WORK TASK: All lines from the one containing "画像: 「吹いて拭くだけ」のお手軽ケア【 SurLuster" down to the one containing "Gluttony by Ilka & Franz", both ends included, are to be given again exactly; omit the rest of the listing below.

DATA TO USE:

■ ■ ■ ■

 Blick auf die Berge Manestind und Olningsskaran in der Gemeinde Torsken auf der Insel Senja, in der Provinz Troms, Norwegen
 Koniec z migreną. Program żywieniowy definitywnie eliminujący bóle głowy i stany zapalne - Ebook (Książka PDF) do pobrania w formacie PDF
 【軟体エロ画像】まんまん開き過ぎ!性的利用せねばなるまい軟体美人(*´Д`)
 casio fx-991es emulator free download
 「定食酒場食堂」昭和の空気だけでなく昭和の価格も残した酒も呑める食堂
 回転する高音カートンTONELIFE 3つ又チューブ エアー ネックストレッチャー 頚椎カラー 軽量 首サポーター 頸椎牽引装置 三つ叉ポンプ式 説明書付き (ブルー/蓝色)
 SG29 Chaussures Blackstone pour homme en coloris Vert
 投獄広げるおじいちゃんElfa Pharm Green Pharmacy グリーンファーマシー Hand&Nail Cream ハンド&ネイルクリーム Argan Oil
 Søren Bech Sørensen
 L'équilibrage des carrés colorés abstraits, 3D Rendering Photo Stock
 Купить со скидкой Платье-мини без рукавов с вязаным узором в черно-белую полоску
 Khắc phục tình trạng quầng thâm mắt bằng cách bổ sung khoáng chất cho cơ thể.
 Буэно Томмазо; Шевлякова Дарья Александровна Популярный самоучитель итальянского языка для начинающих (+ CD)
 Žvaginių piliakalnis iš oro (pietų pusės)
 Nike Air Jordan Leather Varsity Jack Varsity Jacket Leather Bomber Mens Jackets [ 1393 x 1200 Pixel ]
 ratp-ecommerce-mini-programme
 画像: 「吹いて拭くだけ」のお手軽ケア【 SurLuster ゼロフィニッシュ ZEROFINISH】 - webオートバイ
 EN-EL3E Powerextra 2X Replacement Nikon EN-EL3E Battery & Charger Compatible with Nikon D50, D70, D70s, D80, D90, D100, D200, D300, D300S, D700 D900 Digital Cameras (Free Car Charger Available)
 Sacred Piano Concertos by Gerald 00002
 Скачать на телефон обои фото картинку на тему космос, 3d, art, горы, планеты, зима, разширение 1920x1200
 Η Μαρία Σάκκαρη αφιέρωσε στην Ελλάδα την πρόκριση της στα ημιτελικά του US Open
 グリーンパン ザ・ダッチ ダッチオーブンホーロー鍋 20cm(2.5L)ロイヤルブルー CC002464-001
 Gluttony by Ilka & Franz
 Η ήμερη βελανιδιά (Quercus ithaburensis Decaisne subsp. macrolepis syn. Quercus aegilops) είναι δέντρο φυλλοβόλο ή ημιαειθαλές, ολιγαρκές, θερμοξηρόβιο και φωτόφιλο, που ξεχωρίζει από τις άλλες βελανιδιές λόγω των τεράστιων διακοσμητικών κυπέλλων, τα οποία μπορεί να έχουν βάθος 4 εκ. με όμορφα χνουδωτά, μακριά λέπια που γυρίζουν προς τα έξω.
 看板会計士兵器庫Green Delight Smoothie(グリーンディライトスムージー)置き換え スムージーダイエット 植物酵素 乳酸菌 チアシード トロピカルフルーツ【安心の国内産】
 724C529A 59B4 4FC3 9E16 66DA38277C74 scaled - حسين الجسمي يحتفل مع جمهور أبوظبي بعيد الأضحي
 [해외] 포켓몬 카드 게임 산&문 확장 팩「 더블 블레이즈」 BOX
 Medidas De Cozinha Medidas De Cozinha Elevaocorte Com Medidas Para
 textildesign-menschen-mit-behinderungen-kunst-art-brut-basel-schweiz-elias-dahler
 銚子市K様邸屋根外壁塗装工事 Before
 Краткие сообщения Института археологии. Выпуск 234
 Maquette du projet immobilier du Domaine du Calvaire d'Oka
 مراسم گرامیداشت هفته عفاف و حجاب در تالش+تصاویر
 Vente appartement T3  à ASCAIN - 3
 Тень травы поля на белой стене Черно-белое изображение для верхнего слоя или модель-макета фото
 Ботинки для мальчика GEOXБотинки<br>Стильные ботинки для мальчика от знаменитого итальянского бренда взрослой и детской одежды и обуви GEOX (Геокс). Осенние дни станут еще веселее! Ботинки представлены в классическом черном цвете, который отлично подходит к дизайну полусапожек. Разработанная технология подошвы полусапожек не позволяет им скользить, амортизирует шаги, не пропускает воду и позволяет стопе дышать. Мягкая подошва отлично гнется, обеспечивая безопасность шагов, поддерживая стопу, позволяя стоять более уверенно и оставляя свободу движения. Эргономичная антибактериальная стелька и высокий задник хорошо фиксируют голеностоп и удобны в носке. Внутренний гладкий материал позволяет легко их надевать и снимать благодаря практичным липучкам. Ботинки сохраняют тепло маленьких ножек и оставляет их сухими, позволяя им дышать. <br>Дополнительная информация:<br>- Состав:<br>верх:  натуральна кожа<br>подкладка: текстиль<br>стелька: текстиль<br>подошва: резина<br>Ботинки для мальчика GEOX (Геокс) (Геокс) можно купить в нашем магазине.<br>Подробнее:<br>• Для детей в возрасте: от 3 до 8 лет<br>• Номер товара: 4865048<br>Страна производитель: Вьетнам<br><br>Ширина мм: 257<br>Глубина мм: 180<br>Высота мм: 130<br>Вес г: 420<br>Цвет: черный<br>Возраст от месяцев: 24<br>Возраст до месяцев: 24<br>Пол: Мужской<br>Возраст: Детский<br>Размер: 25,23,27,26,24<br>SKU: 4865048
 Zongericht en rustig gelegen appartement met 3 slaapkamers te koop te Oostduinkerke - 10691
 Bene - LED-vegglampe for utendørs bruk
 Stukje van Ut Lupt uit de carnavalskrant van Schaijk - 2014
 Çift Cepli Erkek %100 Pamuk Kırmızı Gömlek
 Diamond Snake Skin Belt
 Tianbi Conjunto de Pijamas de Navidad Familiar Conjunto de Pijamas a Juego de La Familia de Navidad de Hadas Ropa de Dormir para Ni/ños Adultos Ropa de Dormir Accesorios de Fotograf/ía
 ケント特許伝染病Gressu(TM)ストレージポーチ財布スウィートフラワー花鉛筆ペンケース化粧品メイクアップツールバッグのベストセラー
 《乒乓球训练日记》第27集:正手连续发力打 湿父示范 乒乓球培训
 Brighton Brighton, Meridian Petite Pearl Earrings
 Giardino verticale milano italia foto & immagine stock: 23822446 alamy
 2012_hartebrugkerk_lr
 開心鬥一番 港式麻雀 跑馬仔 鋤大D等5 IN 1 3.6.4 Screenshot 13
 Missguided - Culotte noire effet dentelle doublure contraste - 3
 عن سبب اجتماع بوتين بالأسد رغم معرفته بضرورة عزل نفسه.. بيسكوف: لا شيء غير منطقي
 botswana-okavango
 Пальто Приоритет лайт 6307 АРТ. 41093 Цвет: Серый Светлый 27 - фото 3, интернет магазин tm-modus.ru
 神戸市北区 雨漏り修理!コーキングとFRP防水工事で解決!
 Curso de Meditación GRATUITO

■ ■ ■ ■

YOUR RESPONSE:
 画像: 「吹いて拭くだけ」のお手軽ケア【 SurLuster ゼロフィニッシュ ZEROFINISH】 - webオートバイ
 EN-EL3E Powerextra 2X Replacement Nikon EN-EL3E Battery & Charger Compatible with Nikon D50, D70, D70s, D80, D90, D100, D200, D300, D300S, D700 D900 Digital Cameras (Free Car Charger Available)
 Sacred Piano Concertos by Gerald 00002
 Скачать на телефон обои фото картинку на тему космос, 3d, art, горы, планеты, зима, разширение 1920x1200
 Η Μαρία Σάκκαρη αφιέρωσε στην Ελλάδα την πρόκριση της στα ημιτελικά του US Open
 グリーンパン ザ・ダッチ ダッチオーブンホーロー鍋 20cm(2.5L)ロイヤルブルー CC002464-001
 Gluttony by Ilka & Franz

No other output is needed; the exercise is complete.